About four years ago, I entered university with high hopes of mastering everything there is to know about data and the tools used to analyze it. My naivety, however, laid the foundation for a more conservative understanding of statistics.
In statistical hypothesis testing, a conservative test is less likely to reject the null hypothesis, making it less prone to identifying significant effects-or, more simply, interesting results.
Statistical hypothesis testing is just one part of the trio that constitutes statistical inference, alongside point estimation and confidence intervals. This trio has defined classical statistics for the past century. As I delved deeper into the field, I was gradually disillusioned to find that life as a data analyst was less about the grand theories and more about the practicalities—datasets, both old and new models, and the intriguing questions they posed. For instance, in the legal field, statistics are frequently used as evidence in trials.
However, these statistics are often presented by expert witnesses from other fields, like psychology or social sciences, or even by the lawyers themselves—not by statisticians. This has inevitably led to erroneous or, at the very least, incomplete presentations of statistical evidence in many U.S. court cases.
Another example is an interview with Robert Keller, the acting Director of the U.S. Census Bureau, during the 2023 Joint Statistical Meetings (JSM) convention in Ontario, Canada. Keller was asked what he could do to improve communication between the lower levels of the Bureau and its leadership, particularly regarding data collection concerns. The questioner, a subcontractor during the 2010 Census, recounted his experience: while working to locate uncounted individuals, he questioned what would happen if one of the laptops used in the process broke.
After raising his concerns, he was told, “We don’t tell the agency their plan is about to fail,” and his findings were suppressed. The question posed to Keller was how to create a more welcoming environment for those down the chain to voice concerns.
What I’m trying to convey is that as a data analyst, working on independent projects will be vastly different from working within an organization, where your experience will depend on its capabilities and goals. The variety of goals in data analytics is so broad that it’s impossible to master all statistical methodologies.
Depending on the organization, you might need to learn coding in C++, JavaScript, PowerBI, or Tableau. To students of statistics: Your responsibility isn’t to learn everything but to grasp just enough of a set of topics to become productive. Be prepared to learn new programming languages or methodologies as needed.
You may never be fully equipped to understand the whole story with statistics, but you will always be capable of discovering something new by focusing at the task at hand. And that’s what the practice of statistics is ultimately about and what makes it so interesting. It requires creativity and resourcefulness. There is no perfect analysis and the best surveys you take are after you analyze the results of your previous survey. So just collect data and see where it takes you.
2. Find mentors
For the average college student, there is probably a small percentage of them who would say they have ‘a mentor’. But these people do not necessarily have to be people you know personally, just people who add perspective to how you should approach data analysis. Additionally, the mentors you should pick are ones that align with your interests, or at the very least, they can help you pursue your interests. For example if you want to be a good writer of statistics, you should probably be a good reader of statistics. If you want to be a good communicator of statistics, find people who can communicate statistics well, and mimic them.

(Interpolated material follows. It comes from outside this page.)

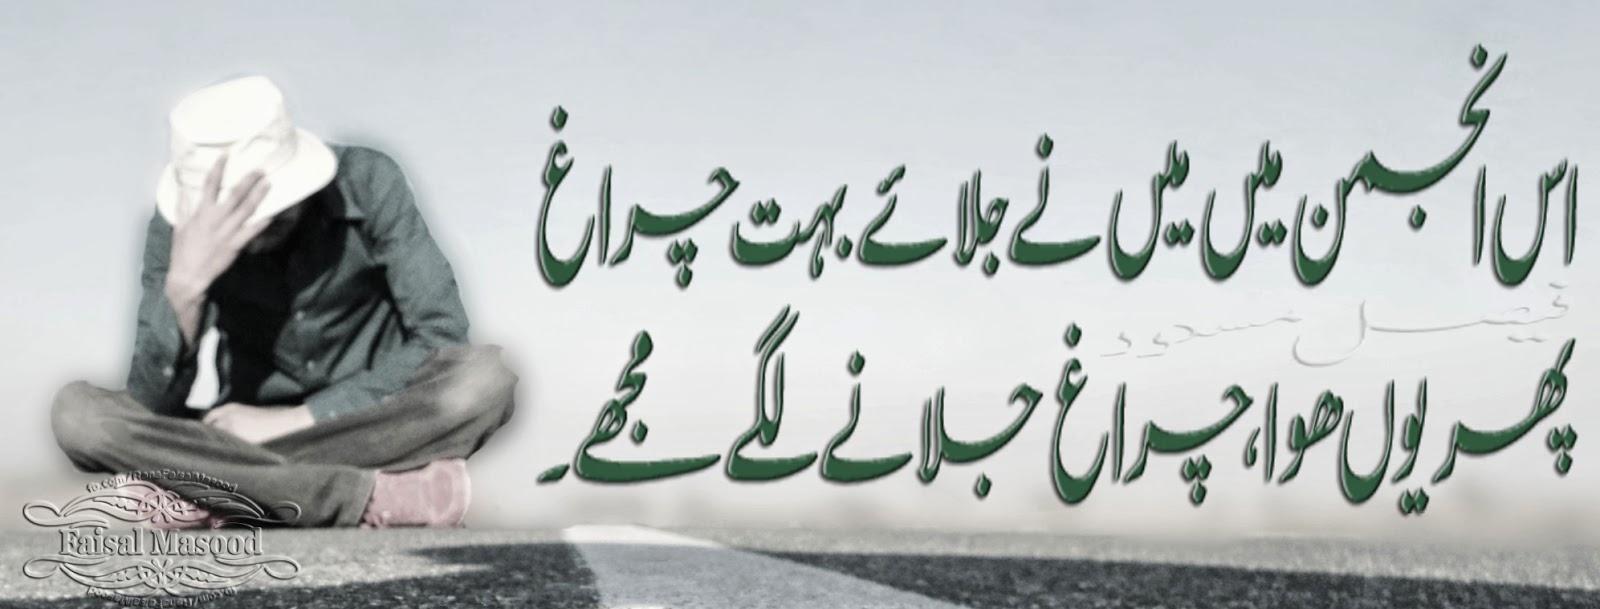 Chiragh E Anjuman SMS Shayari In Urdu

A few names for me that come to mind are:
- Andrew Gelman - Colombia University (StatModelling Blog)
- David J. Hand - Imperial College London (Dark Data, The Improbability Principle)
- Nate Silver - Statistician and Political Analyst (The Signal and the Noise: The Art and Science of Prediction)
- Peter L. Bernstein - Historian and Economist (Against the Gods: The Remarkable Story of Risk)
The most important thing is learning from those who have more experience than you. Although the world is available online - it takes skills and experiences to determine what information is useful and what is not.
To most people, mentors are going to be the professors that you encounter during your educational years. This is the time to ask questions. These people have made mistakes, they have gone through love and loss, altogether they have cycled through many different jobs.
Most professors will be willing to answer any of your questions and then some after you take the steps to develop anything more than the typical superficial relationship they have their students. Showing them that you care about them and appreciate the efforts they put in a teachers go a long way. To me, showing kindness and respect has led to wonderful recommendation letters, and even recommondations to internships and jobs.